As with many things in life, an as-you-go approach can greatly reduce pain and risk. Ruby On Rails’ database management package ActiveRecord provides not just a handy DSL for manipulating database schemas but also a way to chunk usage of this DSL into discrete Migrations stamped with version numbers. They end up with file names of the form 20091101123456_table_foobar_created or 20091102356412_table_foobar_adds_column_baz. The numerical piece at the front of the file name gets used as the version number of the migration and has the current date as its initial piece if generated with”ruby script/generate migration”.
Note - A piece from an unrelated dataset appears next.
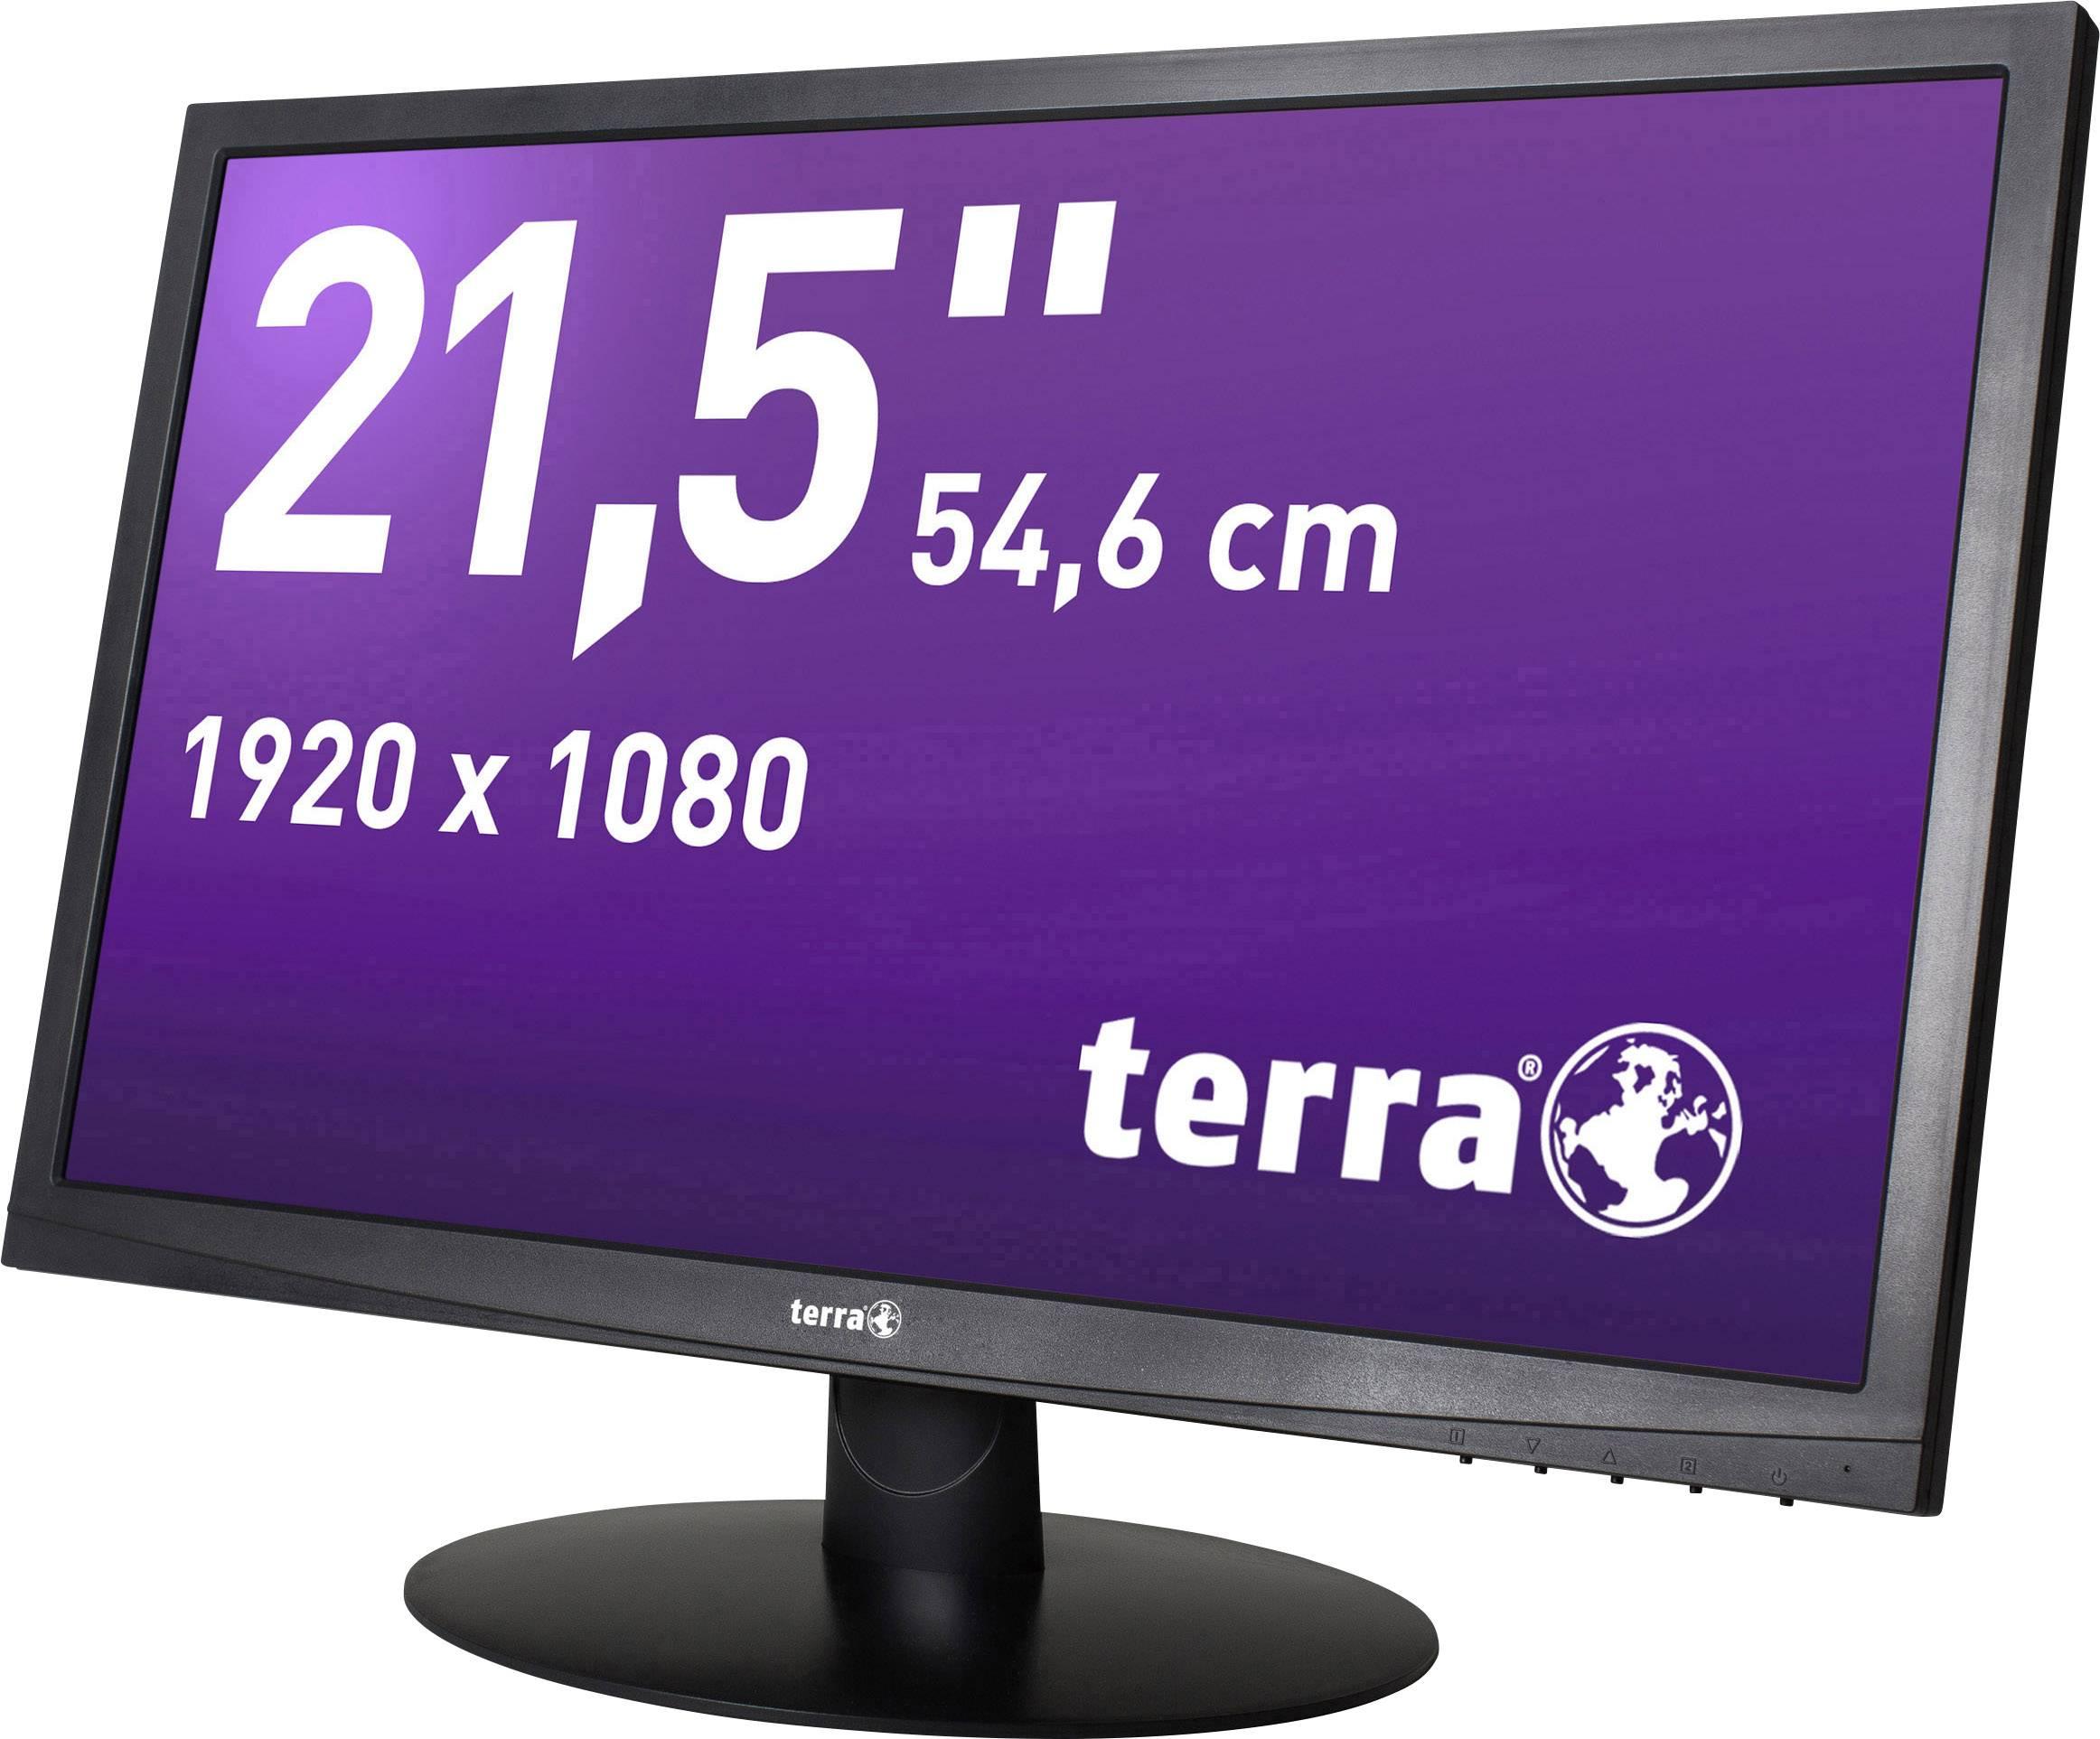 Terra 2212W

The version numbers govern the order in which a Rake task applies them and the structure of the numbers handily results in a listing of the containing directory rendering them in the order that the task will apply them. In addition to the tables that an application declares explicitly, Rails also manages a table called schema_versions that contains just a single “version” column that it uses to track which migrations it has already processed. Upon invocation of”rake db:migrate”, a Rake task looks at all of the migrations contained in an application’s “db/migrations” directory, sorts them by version number, reconciles this list against the the schema_migrations table, then runs (in order) the migrations not yet applied, and lastly updates the schema_migrations table to record the newly processed migrations.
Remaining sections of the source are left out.